I Faced My Demons Through You
I don’t know how such an alarming sound came to be so comforting. Maybe it’s because every time that teapot whistled, my heart started to dance. It’s beat grew more and more excited with every leap and turn. There was a grand orchestra inside of me, a crescendo that built up to a sudden serene silence. I knew that sound meant that at any moment he’d poke his head around the doorway to ask me if I could turn the stove off. Seeing his chestnut complexion, hearing his hoarse morning voice say my name, always had a way of easing my restless mind.
I sat at the kitchen counter eating my daily bowl of oatmeal. He always asked me if I ever got bored of having the same thing every morning. I can still say that I really don’t. Consistency is something I crave, probably because I never got much of that where I’m from. I attended a different school every year until the ninth grade. By the time I graduated and left “home,” (whatever “home” means), I had lived in 17 different houses, apartments, garages, and pretty much whatever else offered a roof over my mom and I’s heads.
I’d say that nobody knows the meaning of temporary like I do, but that would be false. Despite recurring disappointments, I still believe the best in people.
I still live life as if everything lasts forever. I still fall for people like they’ll never leave.
I guess you could say that for me, home was never a place. Home was my mother, my best-friend, my little brother. Home was always a person. That sounds like a beautiful thing until you realize that homes are supposed to be safe. People are the opposite of that. People grow, people change, people lie, and people leave.
I grew up in a toxic house full of abuse and neglect for the first 14 years of my life, but never have I resided in a place so toxic as him.
I watched him pour the water from the teapot into the mustard-colored mug a little too fast. Boiling hot drops of water splashed onto his hands and he let out a groan, instinctively dropping the mug. Steam rose from the countertops as the boiling hot puddle of water spilled over the edge.
It burned him.
It hurt.
I guess he got a taste of what it felt like to hold him in my arms, but still never really feel like he was mine.
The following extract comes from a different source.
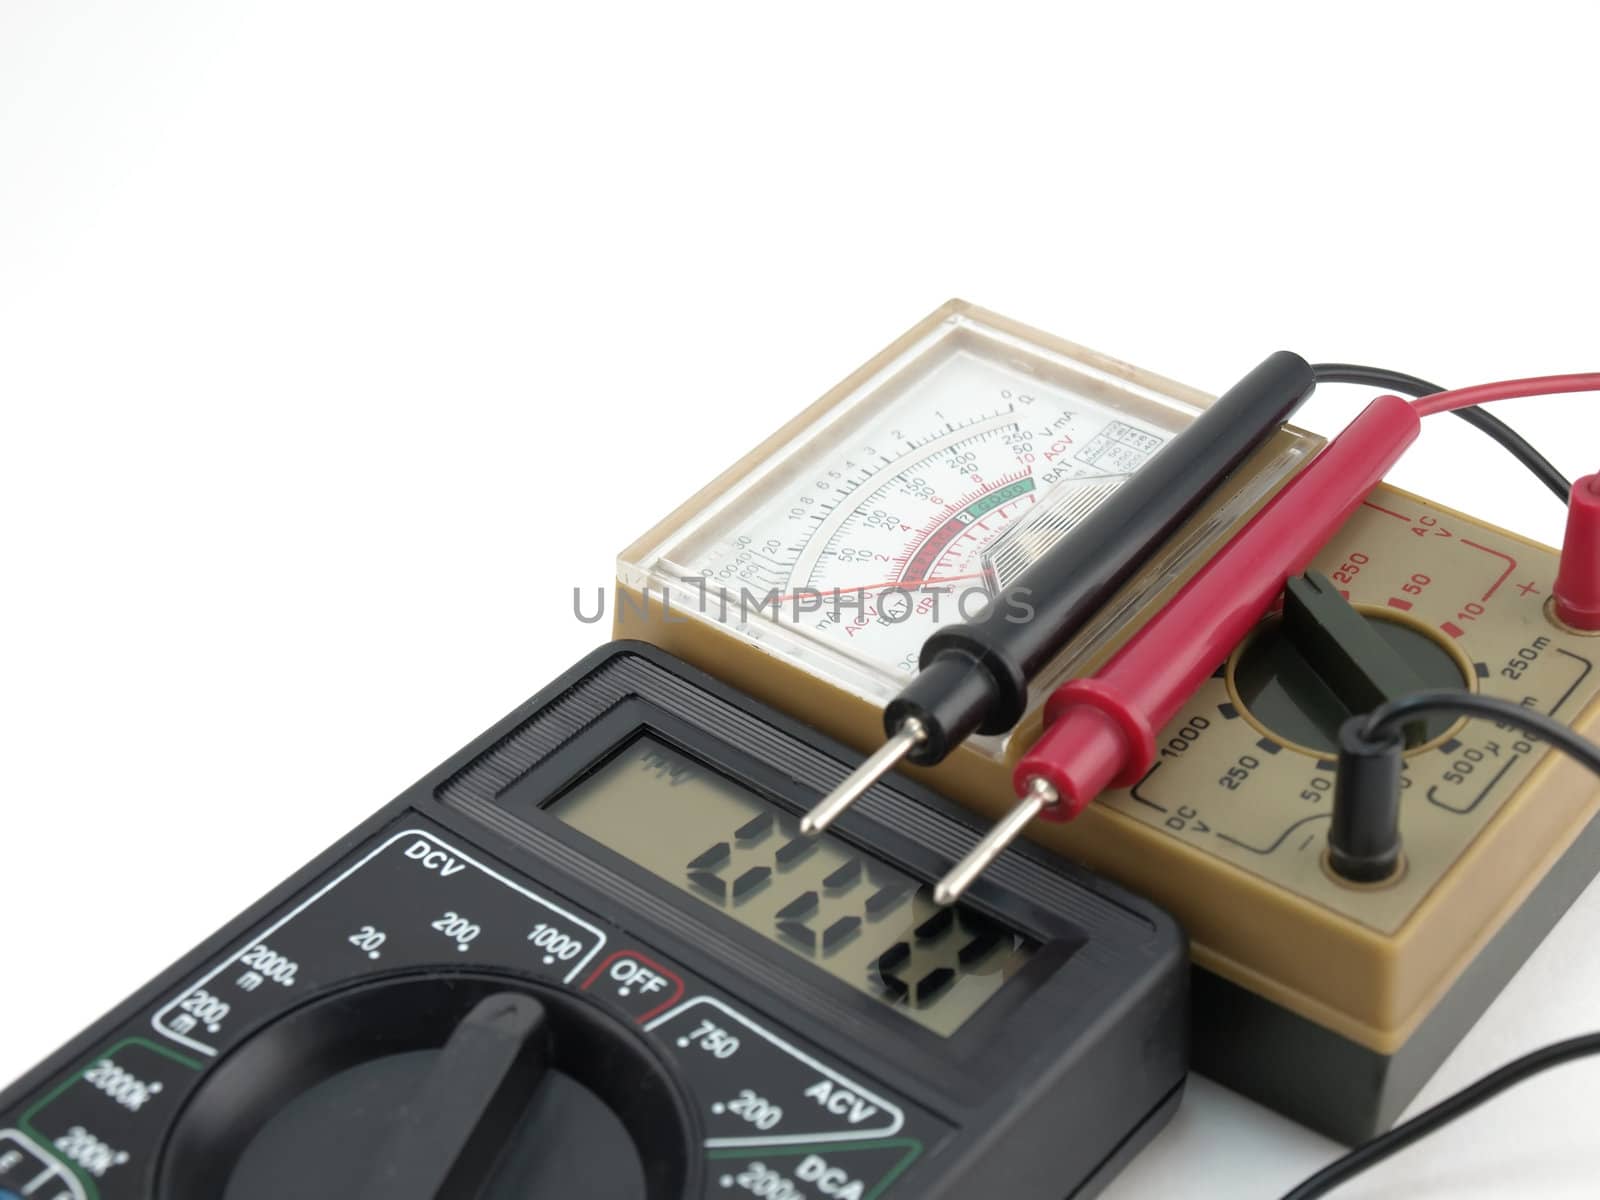 Pointer and digital multimeters by sergpet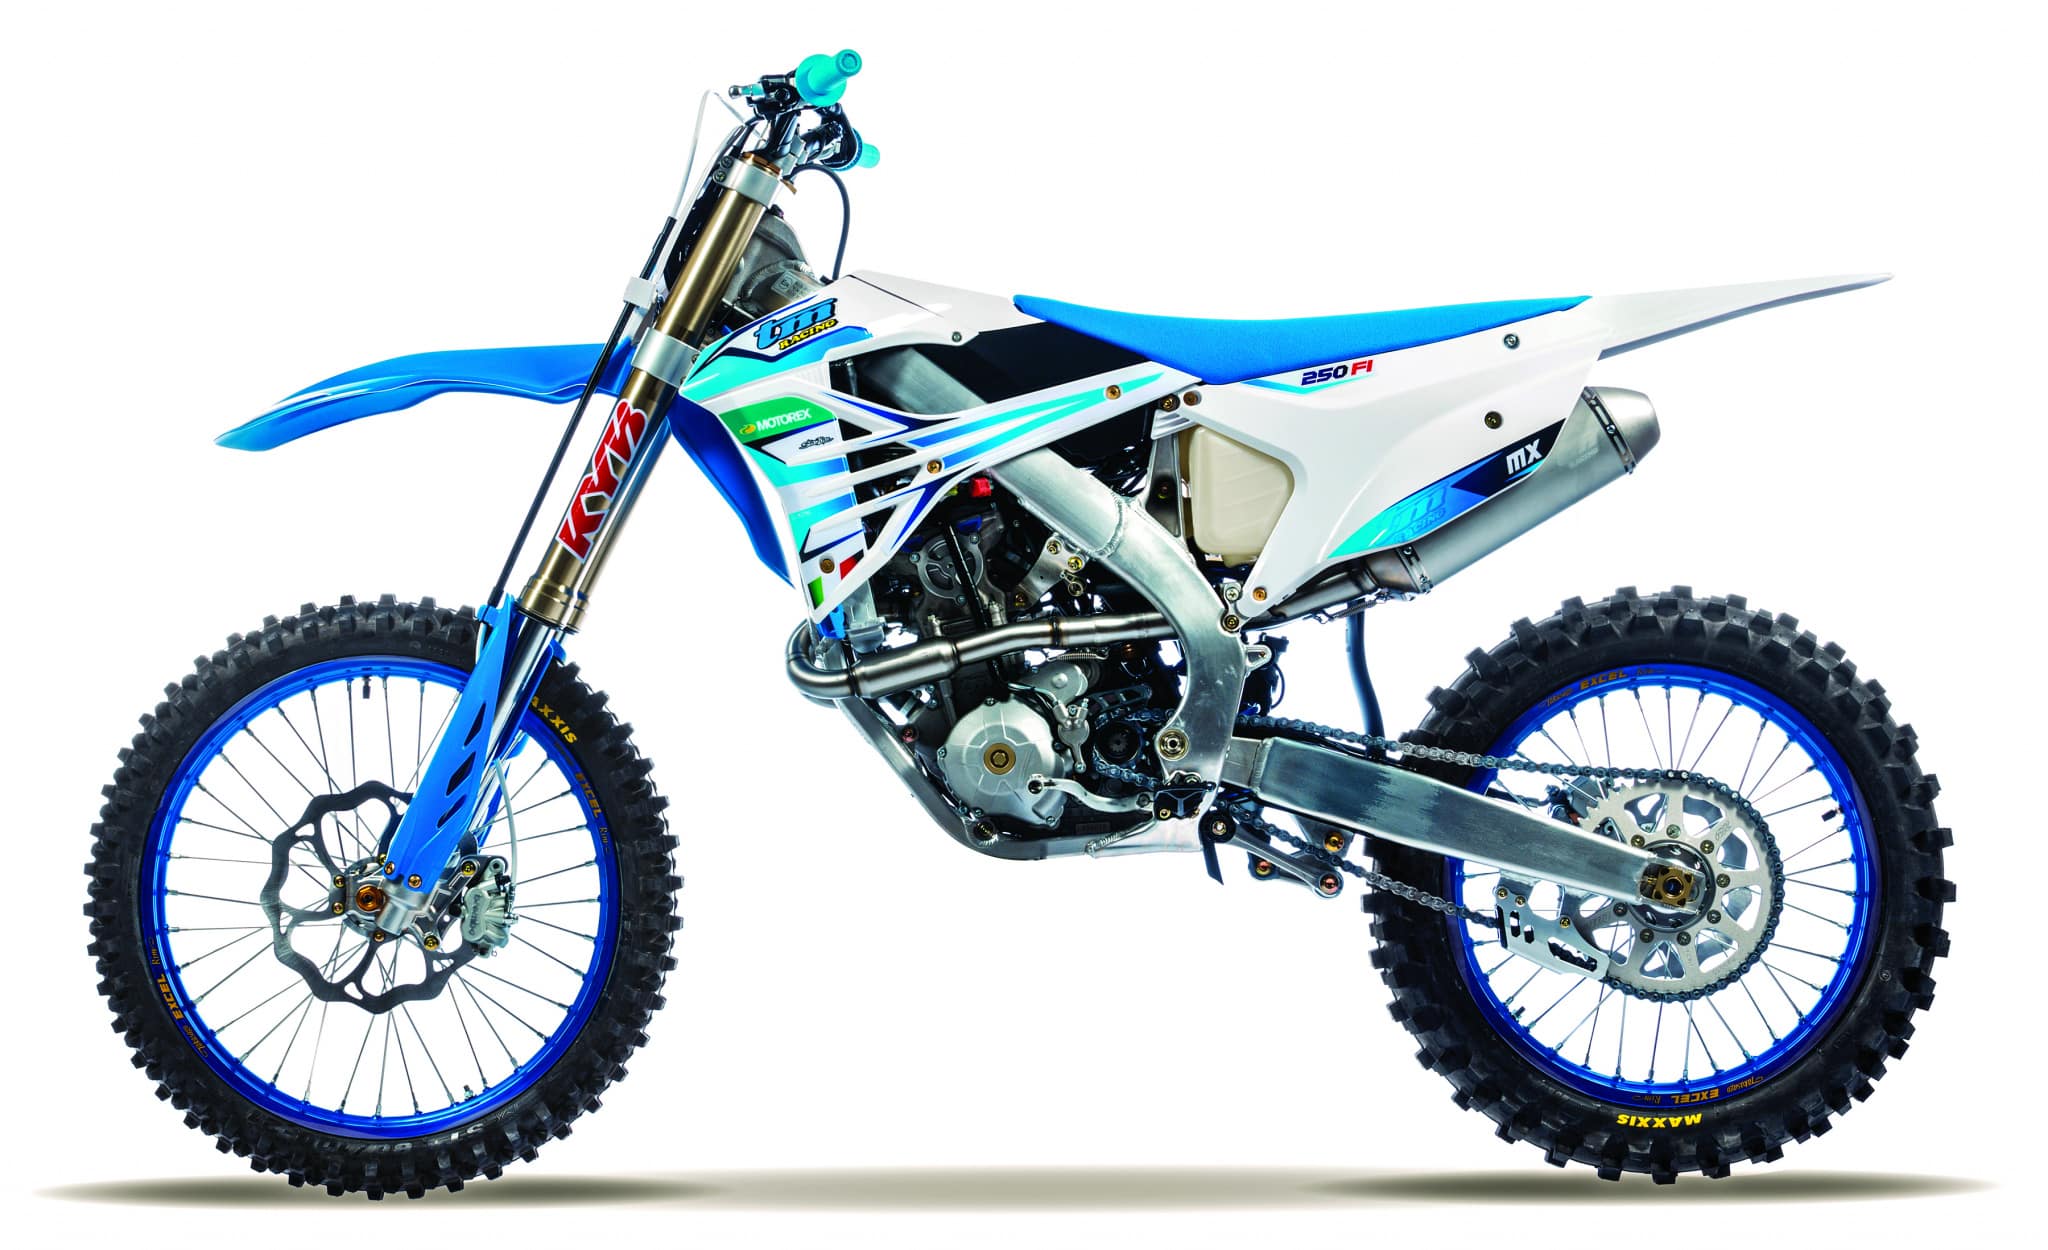 FIRST LOOK 2023 TM's FUELINJECTED MOTOCROSS BIKES — TWOSTROKES

They say that people’s eyes are a window to their soul. I should have known that wasn’t true when every time I looked into his caramel colored eyes, I saw myself. Literally, his eyes were always so glossed over, I could see myself in them.
Looking at him I saw someone who was sad, afraid, and hurt, but that didn’t phase me, because so was I. Looking at him, I felt understood for the first time in my life.
I am not alone in this world, somebody gets it.
But eyes aren’t windows to the soul,
they’re just mirrors.
I really thought he was my parallel. I felt so connected to him. We might as well have been one in the same, two independent souls, leaving behind our past, on a mission to prove ourselves to everyone who ever doubted us– at least, that’s what I thought we were doing.
If I’m being honest, I think it was a lot more about proving something to ourselves. What we really wanted was to live a life worthy of our own respect. We just wanted to believe in ourselves. We just wanted to love ourselves. We just wanted to find a safe, happy home for ourselves.
We fled from our broken homes not yet realizing that they had left us broken too.
We could run away from the toxicity all we wanted, but it would still follow us wherever we chose to go.
You can’t run away from things like that. Suffering, fear, betrayal; they follow you until you face them.
That’s where I realized he was not my parallel. It’s tragic really, how you can really think you know someone, until you realize you don’t. I thought I knew him, but I only saw what I wanted to see. I saw the parts of him that were most like myself. They were the easiest to recognize, I guess. We were so far gone from each other before we ever even met.
We handled things differently. I should have recognized that after he couldn’t go a day without popping a Xanax and downing a bottle of Crown Royal at three in the afternoon. He insisted he wasn’t addicted. He insisted it didn’t affect him. He insisted he was happy. He insisted he loved me. He insisted a lot of things. I told myself I believed him enough times that I think eventually, I really did.
I never knew him, but I thought I did. I thought I loved him, but he didn’t even exist. I thought he loved me, but he had no love in his heart to give.
At least my stepfather was honest when he hit me. He was acting out of genuine emotion. Don’t get me wrong, I am not justifying his actions, it was completely irrational and wrong, but at least he owned what he did.
The only thing worse than being blatantly cruel is pretending that you’re not.
Seriously, how can you look someone in the face and tell them you love them, when you don’t feel a damn thing? How can you tell someone you care, and then leave without an explanation?
My stepfather never said the words “I love you” because he didn’t. Why couldn’t you have had the same decency?
I made a home out of him. I found comfort in the curve of his smile and in the texture of his lips. I spent days and nights infatuated with the idea that I had found my other half, the end to all my suffering, my happy place, my safe haven; I had found my home.
But he was not safe. He was not home. He was everything I had run away from catching up to me. He was everything that I was afraid to face, but this time I didn’t run.